According to Di Lollo, this is not participating in the change.

“Trying to hold out against that change could result in them losing everything instead of embracing and evolving with change,” he said.

Di Lollo knew he was working a tough room and acknowledged that what he had to say probably wasn’t going to please many of the crowd.

He had many shifting in their seats as he said the resource industry needed to not only accept the MRRT but that it needs to embrace it.

“I’m not here to change your opinion, so don’t get too upset about what I have got to say, but by the end I hope to challenge some traditional thinking,” Di Lollo said.

“We have got this problem now in the two speed economy that we’ve been talking about for a long time that now is really not going to go away.

“This is a problem for the entire Australian economy, including the energy and resources industry.

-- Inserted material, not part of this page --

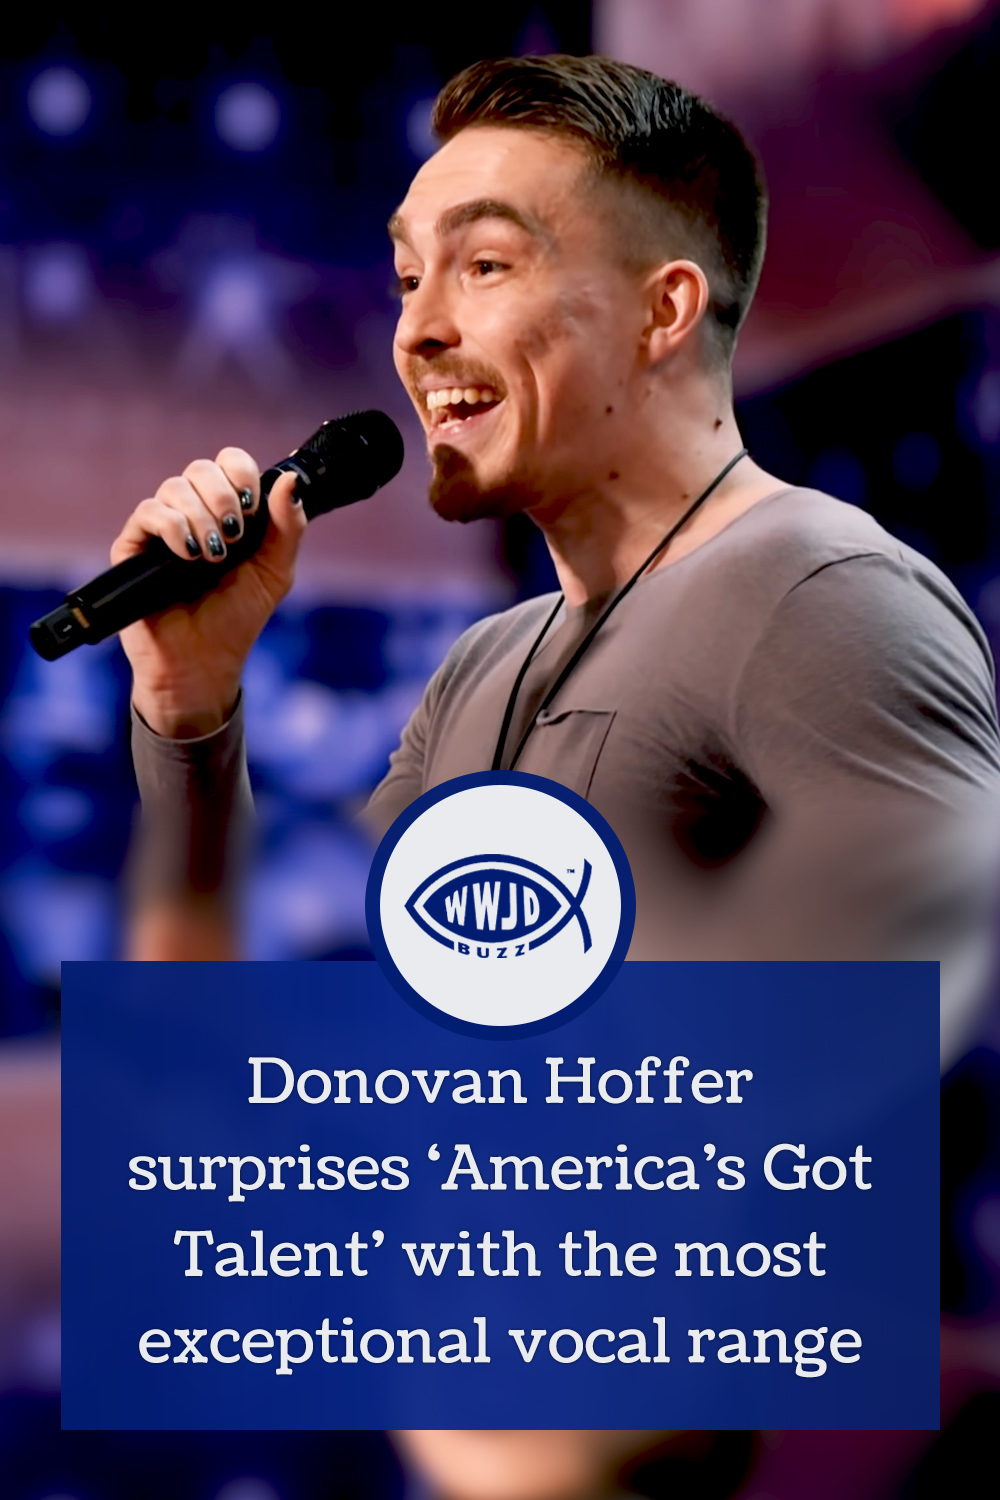 Donovan Hoffer surprises ‘America’s Got Talent’ with the most exceptional vocal range

“We have to make the choice of either choosing to try and haul back the tide or…choosing to surf the wave instead.

“I think surfing the wave can make us all really prosperous, but if we are going to do this it is going to upset a lot of the traditional old ways of the economy.”

Di Lollo said the carbon constrained economy approaching Australia was not going to go away, instead it will soon be here and all of us, across all sectors from all schools of thought are going to have to get used to it.

He said it will be here regardless of what anybody may think about the science of climate change and that it doesn’t actually matter, because the shift in the economic landscape has nothing to do with climate change.

“It is the economic changes that are coming with a carbon constrained economy, globally,”
 he explained.

“In Australia, we are going to be harder hit than just about any other country and like it or not we are going to have to do something to help our economy.

“Carbon pricing is a simple and smart way of doing it, and I would say that carbon pricing and a rigorous minerals sector go hand in hand.

“Carbon pricing, and addressing the emissions issue, allows the industry to go ahead in a new economy.

“In other words, to not try to haul back change, but embracing that change and moving forward.”